Why single node multiple broker in kafka cluster not preferred?


I am trying to implement kafka into production. Wanted to know why single-node, multiple-broker kafka instance is not preferred. Few people suggested that if multiple brokers are used on single node, they should be allocated separate disk space but the reason to do so is not clear.

Can someone please explain the impact of single broker vs multiple broker kafka instance on a single node.


Solution

  • Every topic, is a particular stream of data (similar to a table in a database). Topics, are split into partitions (as many as you like) where each message within a partition gets an incremental id, known as offset as shown below.

    Partition 0:

    +---+---+---+-----+
    | 0 | 1 | 2 | ... |
    +---+---+---+-----+
    

    Partition 1:

    +---+---+---+---+----+
    | 0 | 1 | 2 | 3 | .. |
    +---+---+---+---+----+
    

    Now a Kafka cluster is composed of multiple brokers. Each broker is identified with an ID and can contain certain topic partitions.

    Example of 2 topics (each having 3 and 2 partitions respectively):

    Broker 1:

    +-------------------+
    |      Topic 1      |
    |    Partition 0    |
    |                   |
    |                   |
    |     Topic 2       |
    |   Partition 1     |
    +-------------------+
    

    Broker 2:

    +-------------------+
    |      Topic 1      |
    |    Partition 2    |
    |                   |
    |                   |
    |     Topic 2       |
    |   Partition 0     |
    +-------------------+
    

    Broker 3:

    +-------------------+
    |      Topic 1      |
    |    Partition 1    |
    |                   |
    |                   |
    |                   |
    |                   |
    +-------------------+
    

    Note that data is distributed (and Broker 3 doesn't hold any data of topic 2).

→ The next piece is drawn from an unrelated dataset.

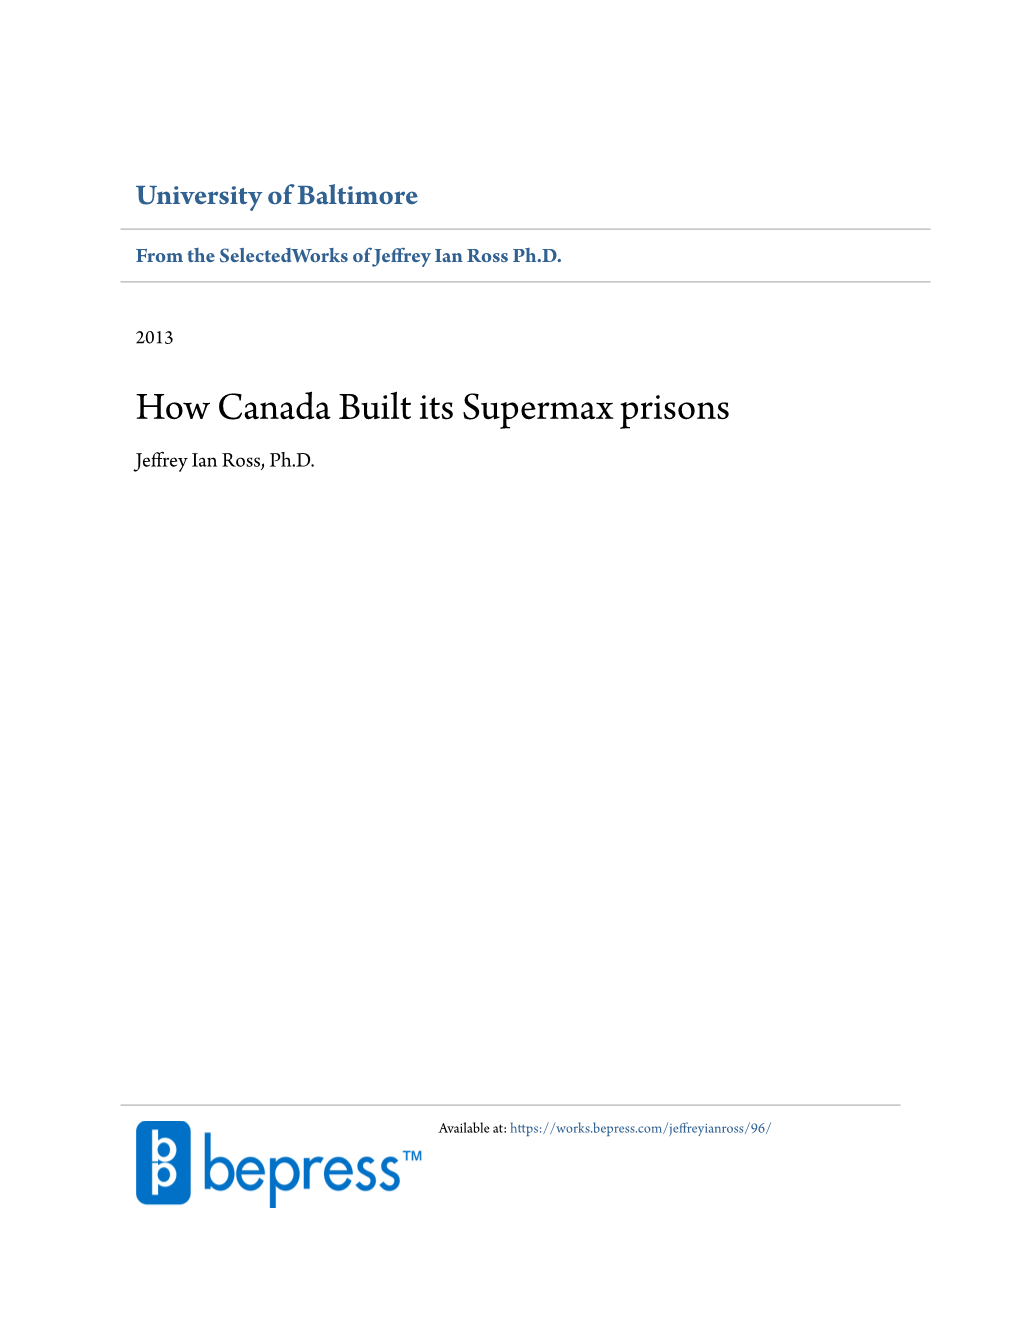 How Canada Built Its Supermax Prisons Jeffrey Ian Ross, Ph.D

    Topics, should have a replication-factor > 1 (usually 2 or 3) so that when a broker is down, another one can serve the data of a topic. For instance, assume that we have a topic with 2 partitions with a replication-factor set to 2 as shown below:

    Broker 1:

    +-------------------+
    |      Topic 1      |
    |    Partition 0    |
    |                   |
    |                   |
    |                   |
    +-------------------+
    

    Broker 2:

    +-------------------+
    |      Topic 1      |
    |    Partition 0    |
    |                   |
    |                   |
    |     Topic 1       |
    |   Partition 1     |
    +-------------------+
    

    Broker 3:

    +-------------------+
    |      Topic 1      |
    |    Partition 1    |
    |                   |
    |                   |
    |                   |
    +-------------------+
    

    Now assume that Broker 2 has failed. Broker 1 and 3 can still serve the data for topic 1. So a replication-factor of 3 is always a good idea since it allows for one broker to be taken down for maintenance purposes and also for another one to be taken down unexpectedly. Therefore, Apache-Kafka offers strong durability and fault tolerance guarantees.